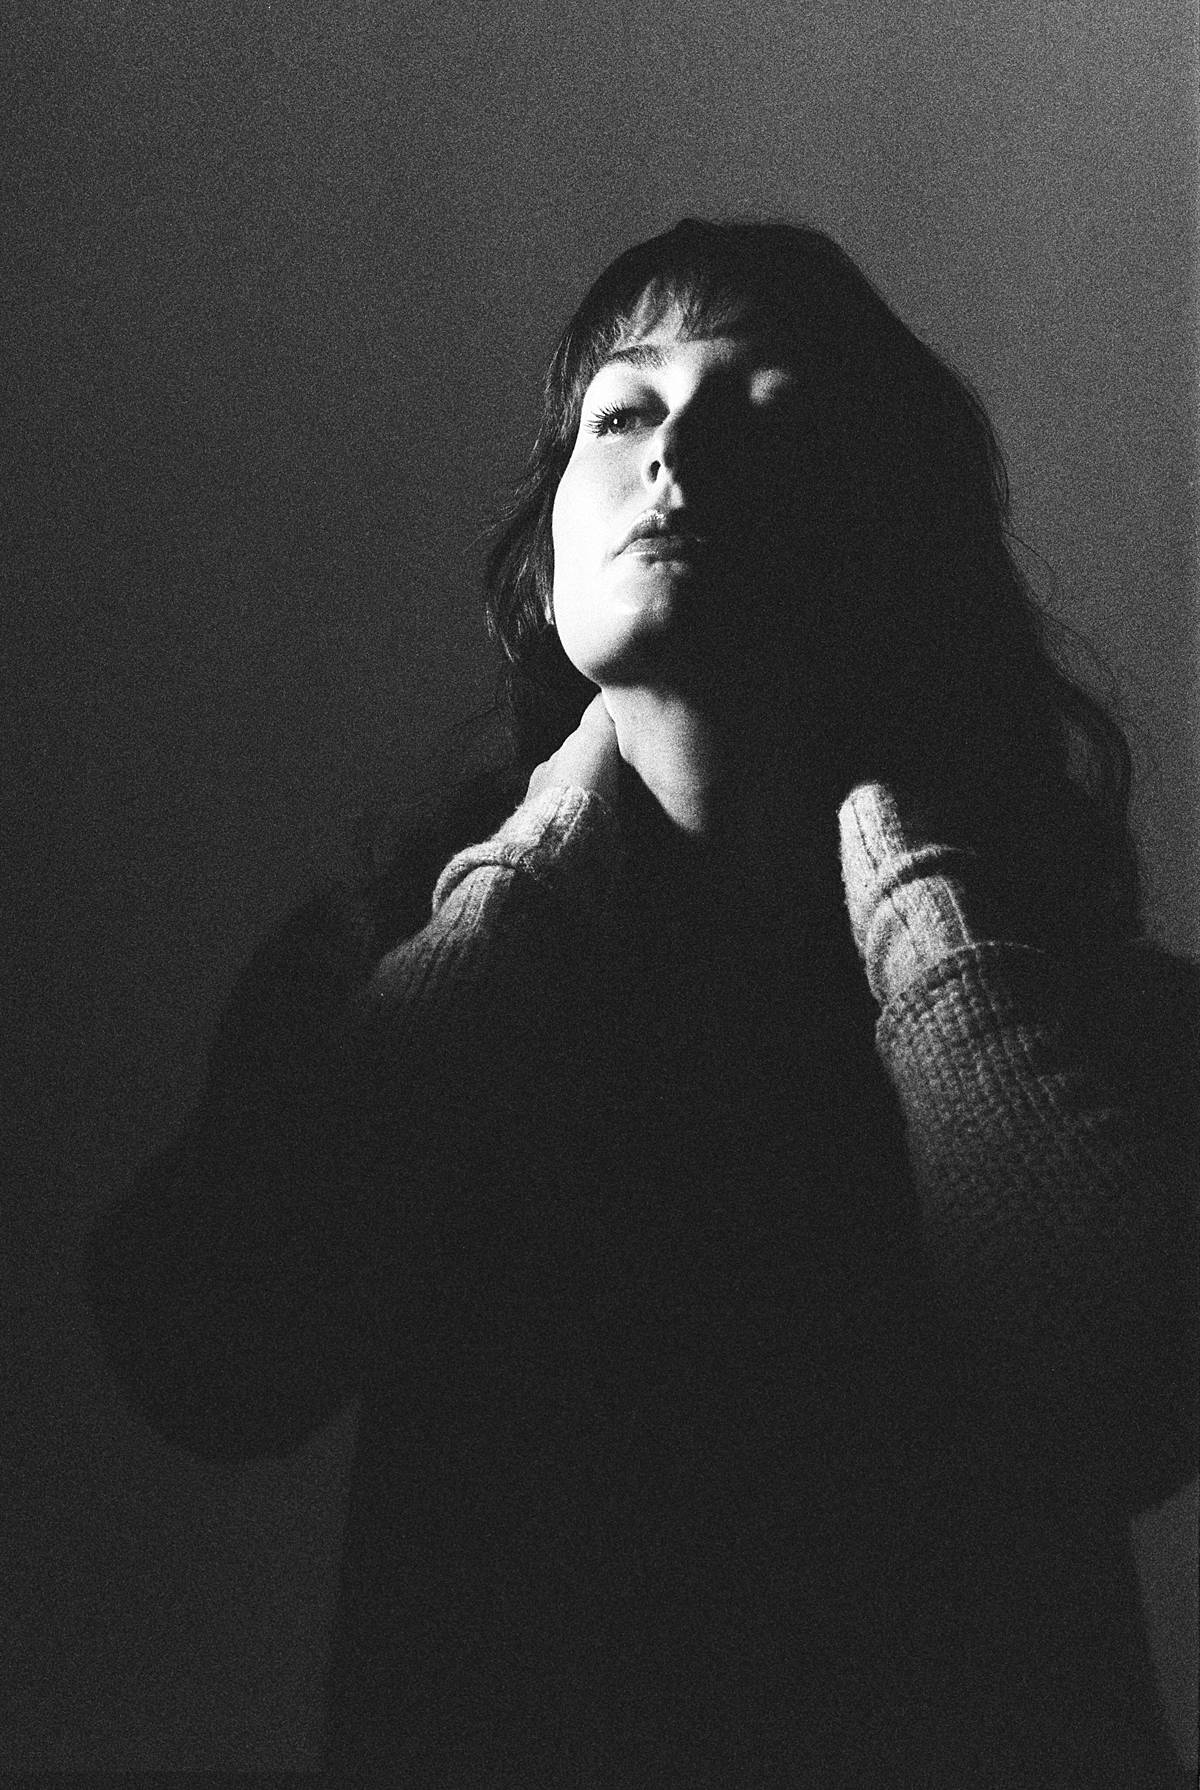 1911 charleston studio fuji acros 400 pushed film 35mm dramatic portraits black and white 00017_web
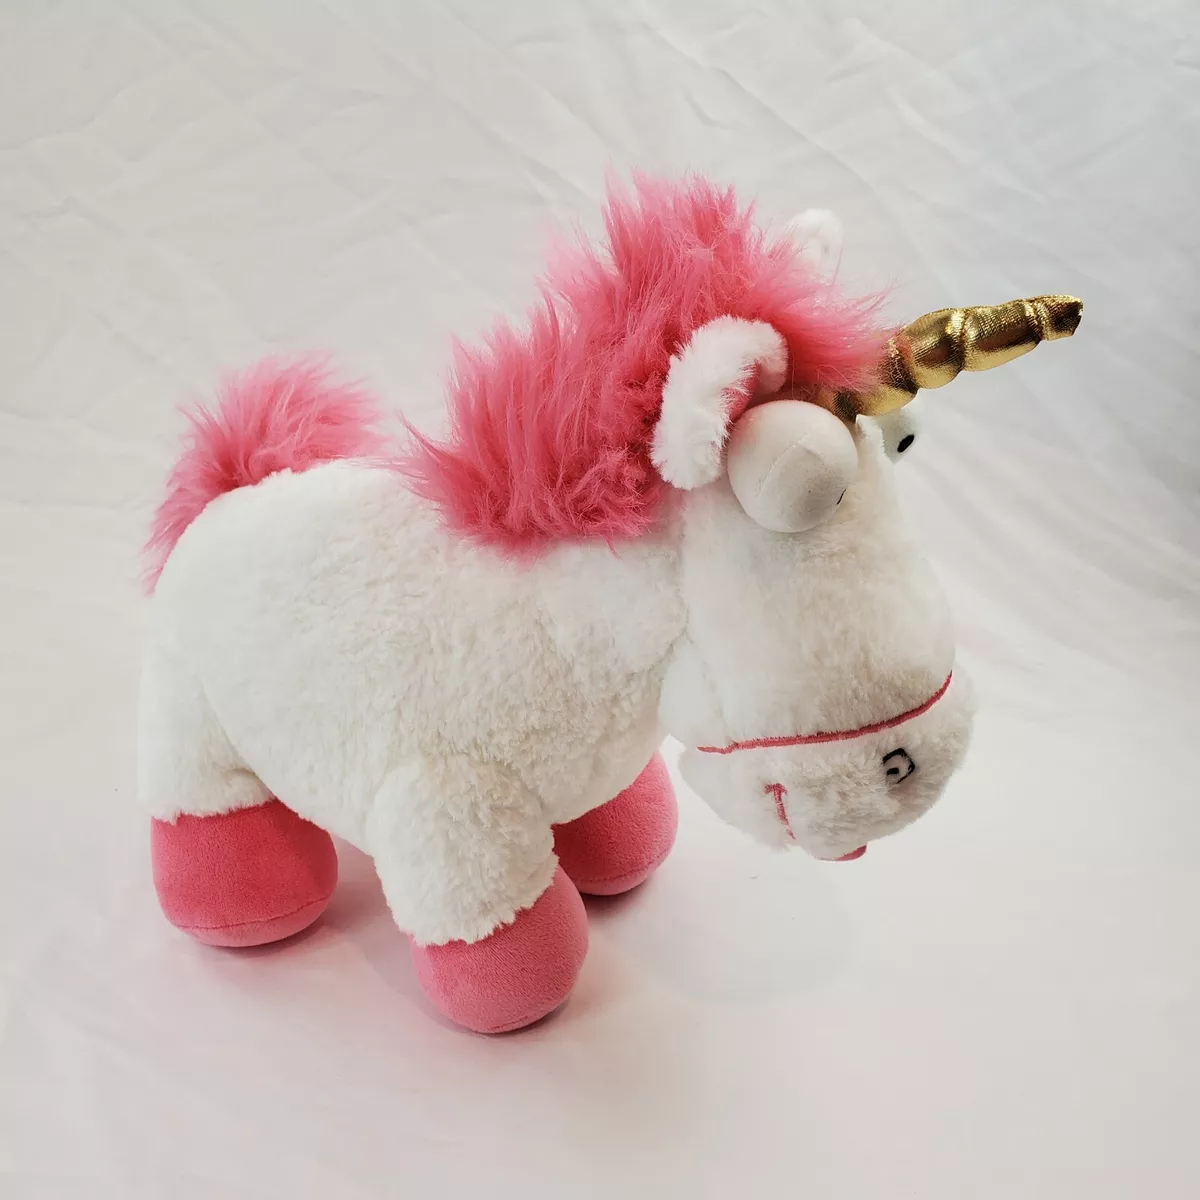 Despicable Me 3 Fluffy Unicorn Stuffed Animal Plush Toy 7 
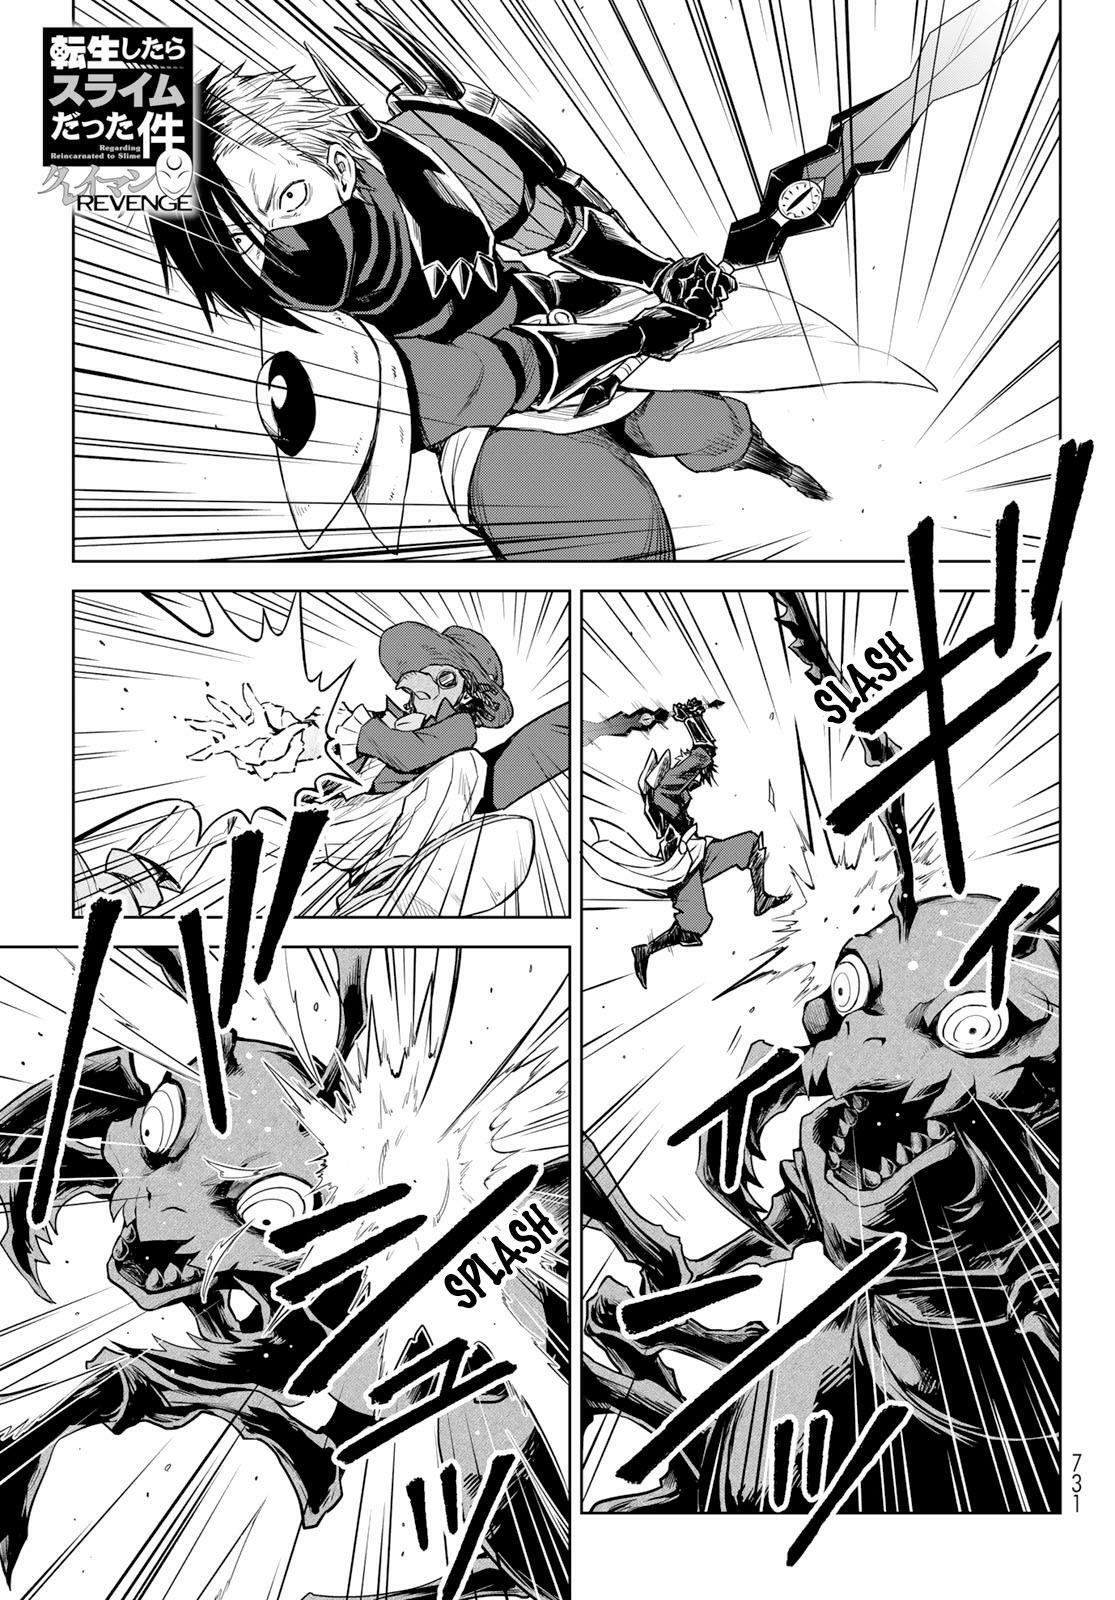 Read Tensei Shitara Slime Datta Ken: Clayman Revenge Vol.3 Chapter 13:  Showcase on Mangakakalot
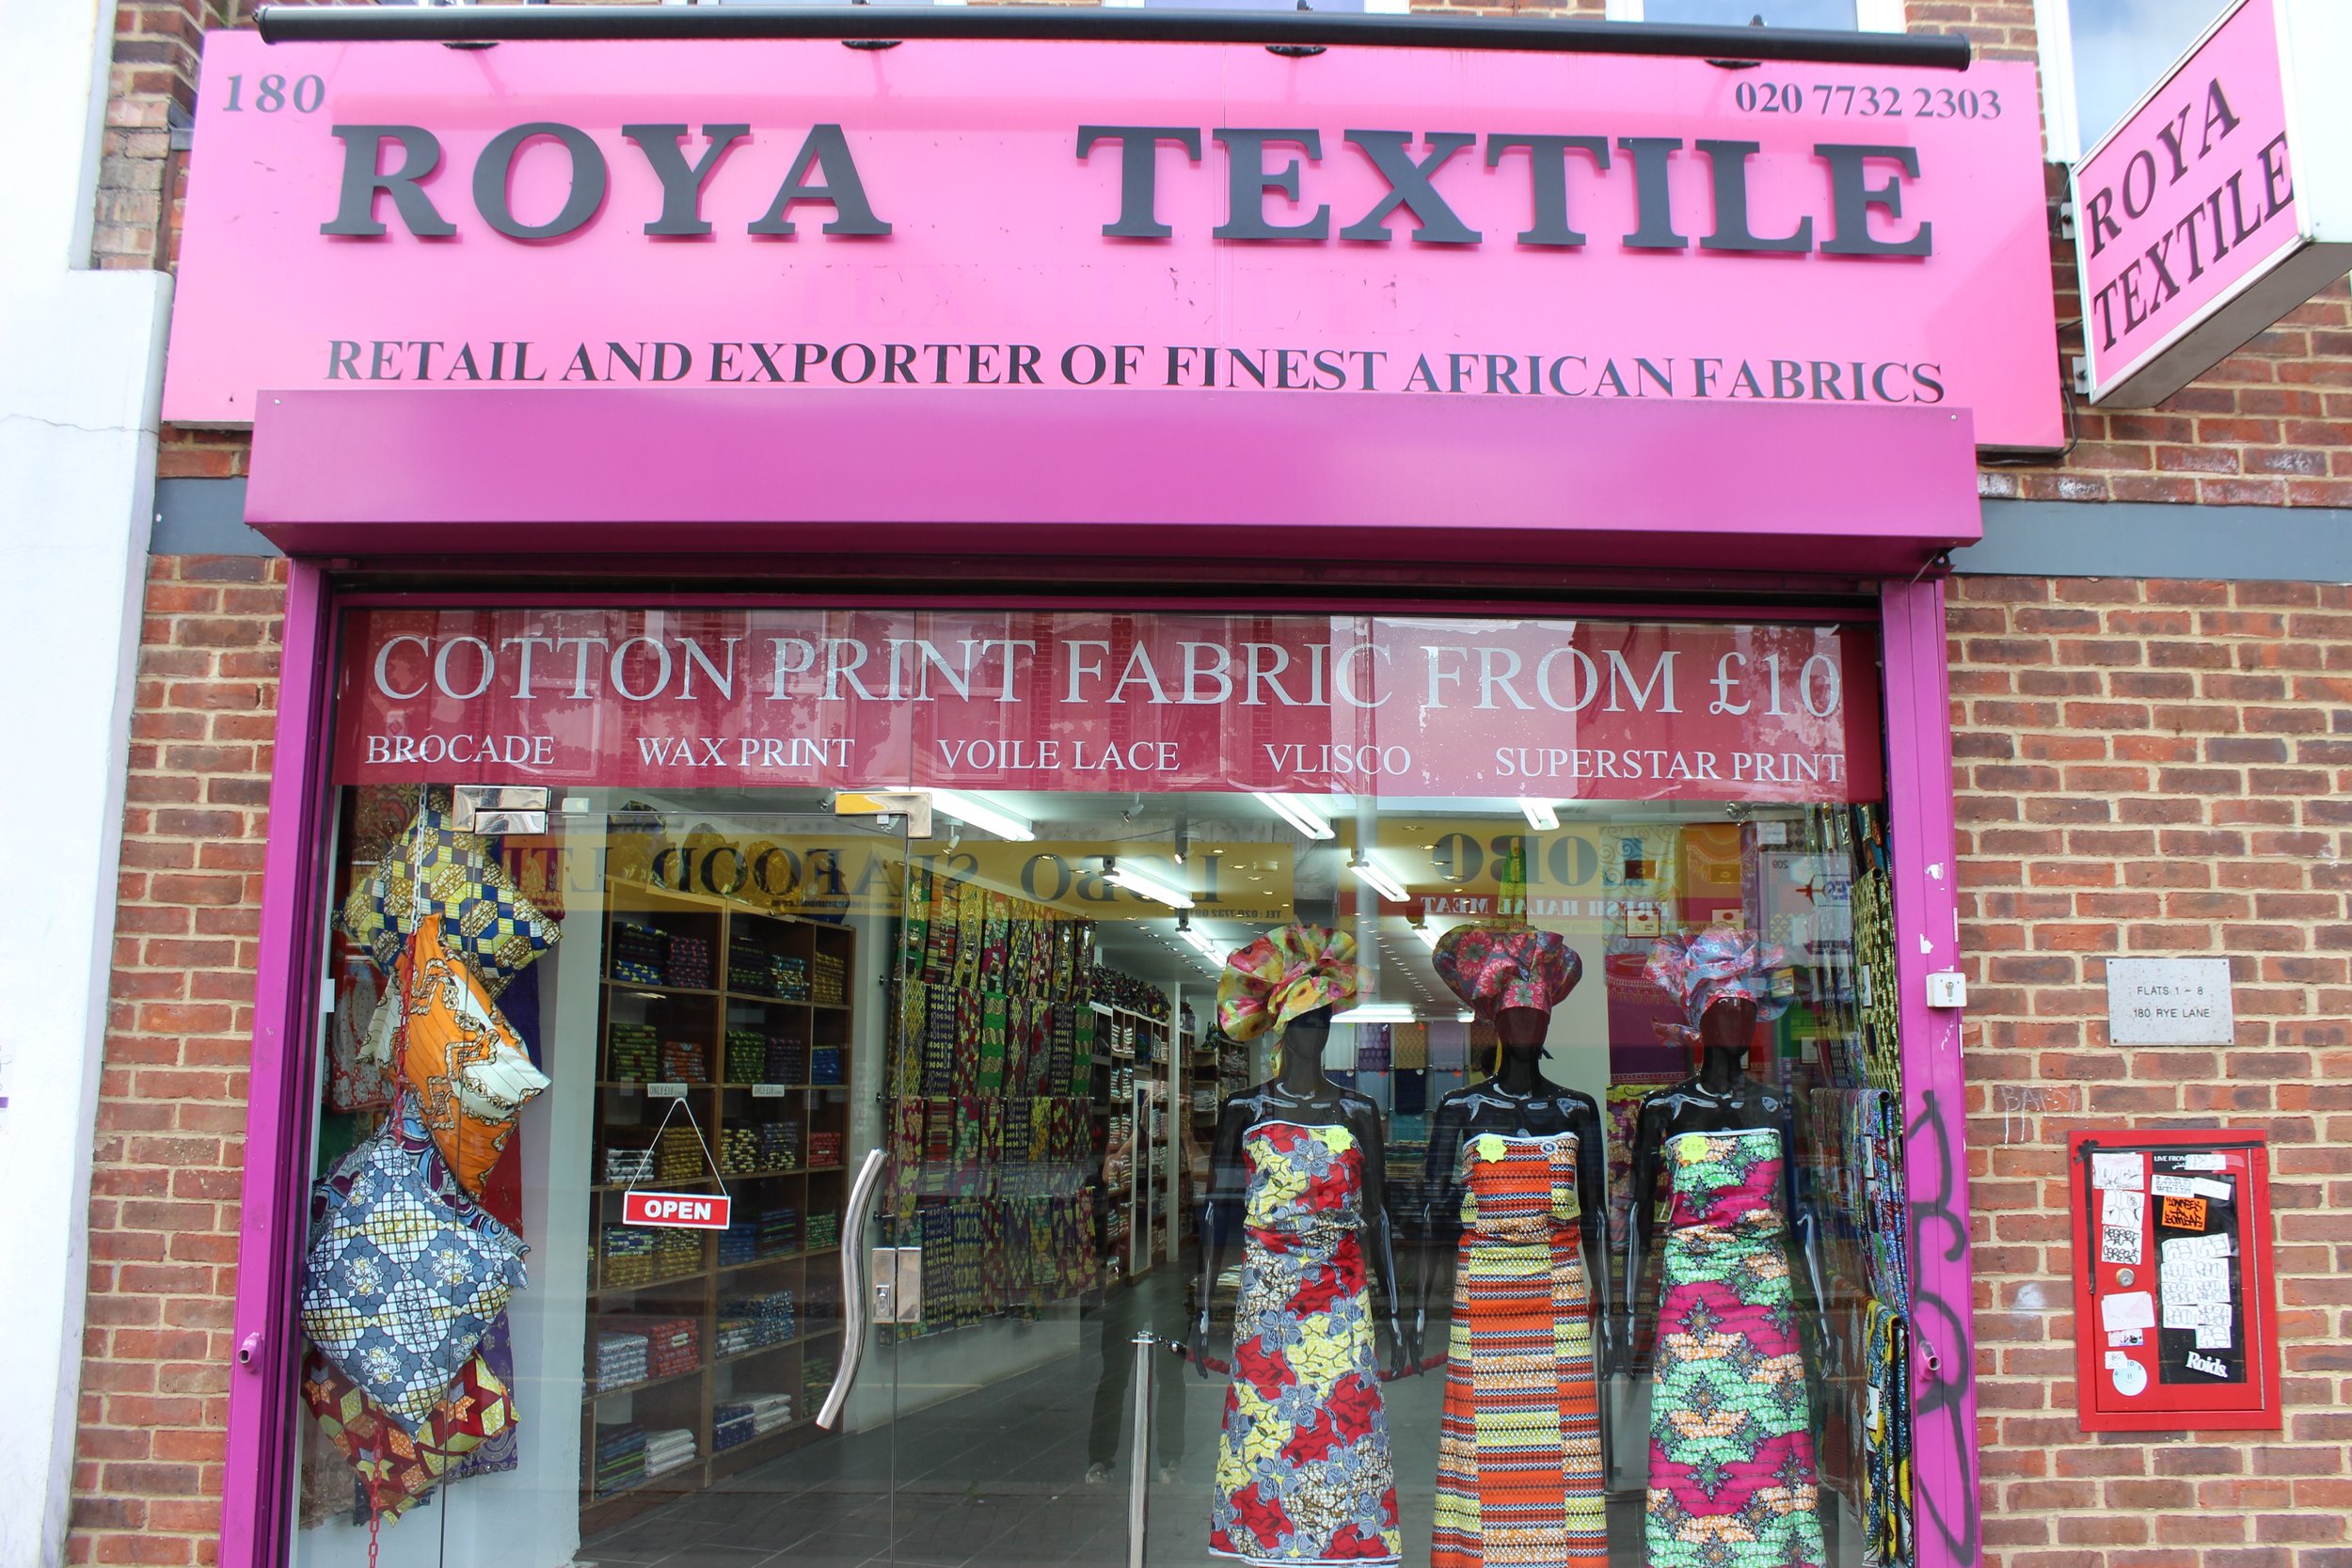 Roya Textile Fabric & Textiles Shop in Peckham South London Club

TRY IT: With the pictures set aside, return each line of the listing exactly as given.

RESULT:
 1911 charleston studio fuji acros 400 pushed film 35mm dramatic portraits black and white 00017_web
 Despicable Me 3 Fluffy Unicorn Stuffed Animal Plush Toy 7 
 Read Tensei Shitara Slime Datta Ken: Clayman Revenge Vol.3 Chapter 13:  Showcase on Mangakakalot
 Roya Textile Fabric & Textiles Shop in Peckham South London Club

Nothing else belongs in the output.